Unfortunately, mainstream conceptions of female sexuality often include soft lighting and erotic massage. A Google search for “porn for women” yielded predictably dull results: one porn blog included headings like “nipple sucking” and “statuesque naked man.” Another was a joke site featuring pictures of men vacuuming and putting down the toilet seat. How does an industry that caters to every fetish imaginable miss a market consisting of half the population? Pornstars/pornographers Nina Hartley and, particularly, Annie Sprinkle have addressed this. Sprinkle, a Ph.D-holding sexologist, has performed in features ranging from erotica to “transsexual docu-porn” to “classic XXX.” “I think Annie Sprinkle is fantastic, an icon whose website asks viewers to really think about sexual desire and practice,” Taylor says. And there have been grassroots solutions: the Brooklyn-based, female-run Sweet Action magazine features cute, naked, and erect young Williamsburg types.

“Women directors especially have been pushing the boundaries of representation,” Armatage says. “Breillat, Monika Treut, Bette Gordon, Lizzie Borden—taking up new expressions of women’s sexuality in contrast to ‘vanilla feminism.’” Women have also left distinctive marks on porn proper. Boink magazine—“College Sex by the People Having It”—was cofounded by Alecia Oleyourryk, a then-senior at Boston University. Fans of “barely legal” would love Boink’s content, of course, but it’s not for them. Lauren White, a.k.a Raymi the Minx, has received awards for her blog, raymitheminx.com.
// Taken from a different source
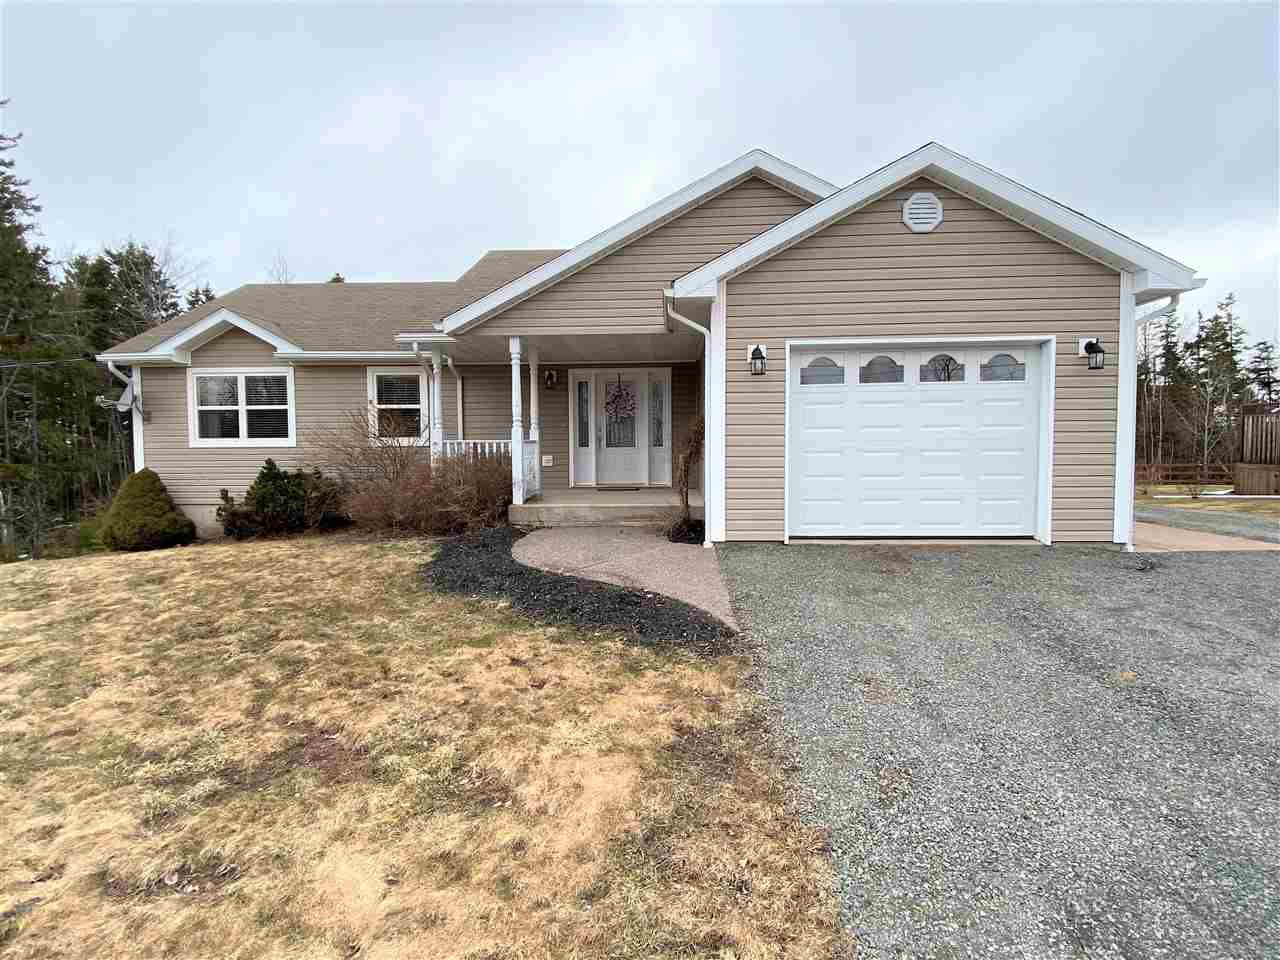 Main Photo: 2508 Spring Garden Road in Westville: 107-Trenton,Westville,Pictou Residential for sale (Northern Region)  : MLS®# 202005887

While the nude photos White originally post probably boosted her readership, she’s the blog’s selling point. “I was an online ‘model’ for 10 months…I had a curtained-off little room with a bed and computer and remote webcam,” she writes over e-mail. “My job was to entice [viewers] to take me private, which is buying minutes to have me to themselves…We would phonesex and they could watch me do my thing. My skin is crawling as I type this right now.” Jerking off to her blog is free, but anyone who does so has to contend with an entire person rather than a gyrating webcam image.

Human beings will use any medium at their disposal to convey sexual messages. Pornography, defined in the most general terms, is a simple inevitability. It conforms to the ideas and carries the moral imprint of whoever happens to control it, and affects the viewer according to his/her ability to think critically through the images presented. Porn’s expansion through the Internet and increasing visibility in popular culture is neither a good thing nor a bad thing overall. For every addiction there is a catharsis. What is good is porn’s emergence as a topic of open discussion rather than a mere bone of contention. The more transparent the industry gets, the more we can critique it constructively, and the more we can explore alternative options.